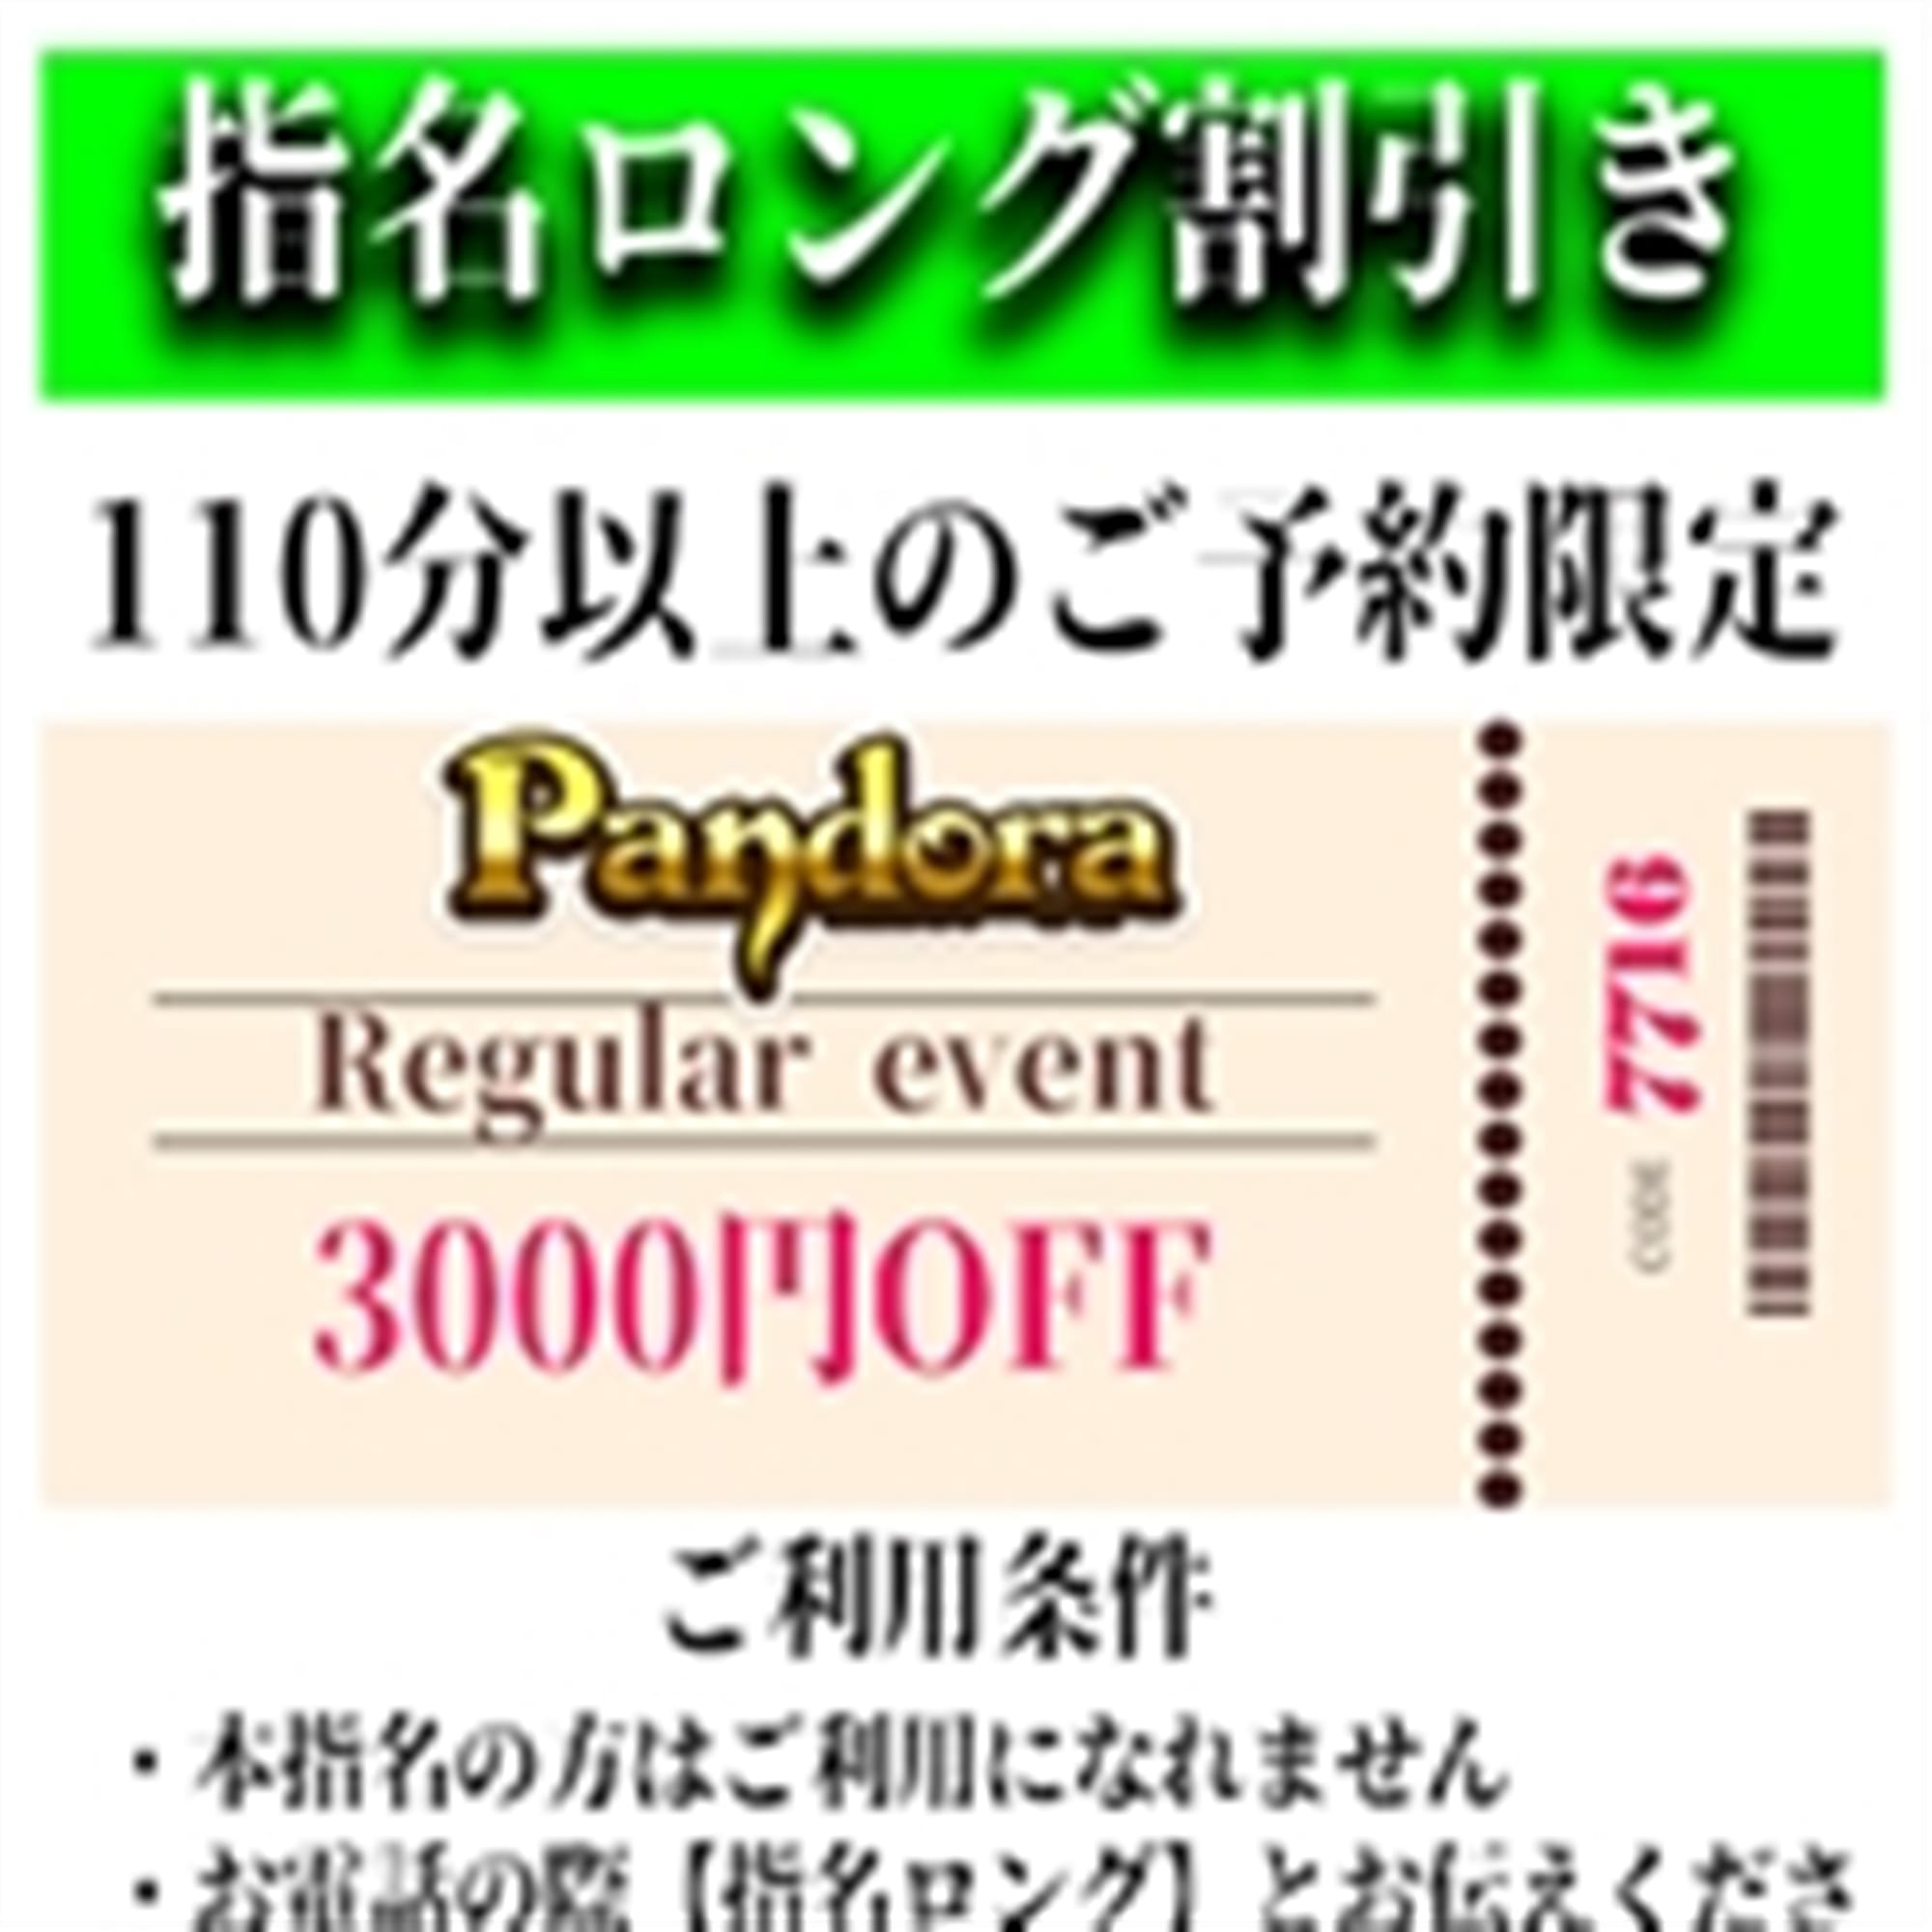 「ご指名のお客様も遊べるロングコース割引」04/26(金) 18:25 | Pandora(パンドラ)新潟のお得なニュース
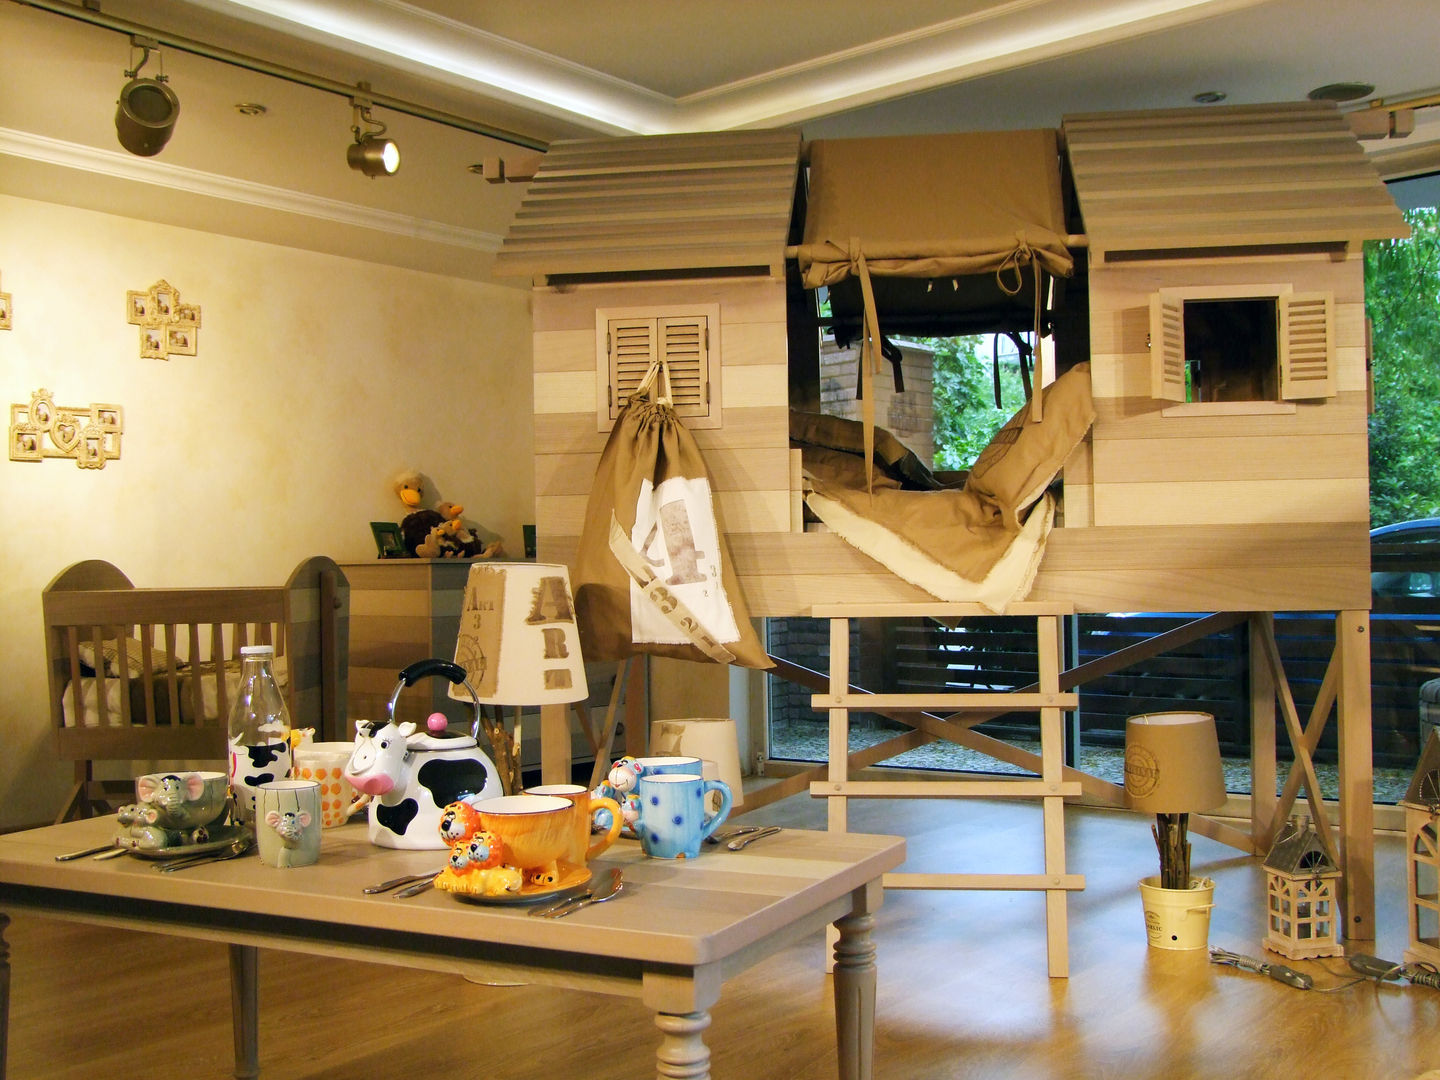 LACOTE Çiftlik temalı bebek ve çocuk odası , Lacote Design Lacote Design Nursery/kid’s room Beds & cribs
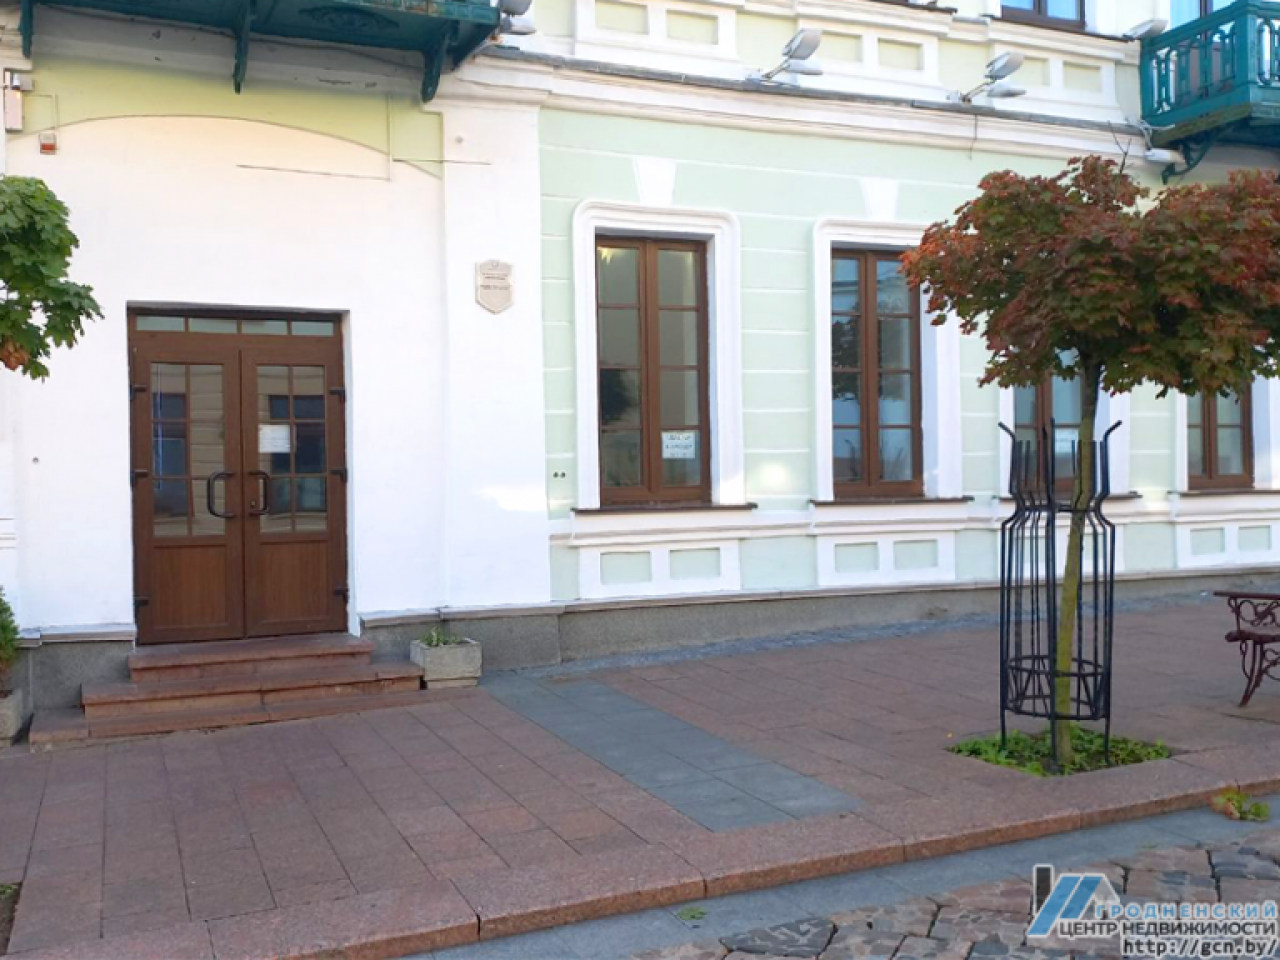 Бывший офис оператора A1 в центре Гродно выставили на аукцион — разыгрывают право аренды

*****

→ **GOAL OF THE EXERCISE**:
Line by line and exactly, write out the material above. Skip the pictures.

→ **TASK RESPONSE**:
 「ご指名のお客様も遊べるロングコース割引」04/26(金) 18:25 | Pandora(パンドラ)新潟のお得なニュース
 LACOTE Çiftlik temalı bebek ve çocuk odası , Lacote Design Lacote Design Nursery/kid’s room Beds & cribs
 Бывший офис оператора A1 в центре Гродно выставили на аукцион — разыгрывают право аренды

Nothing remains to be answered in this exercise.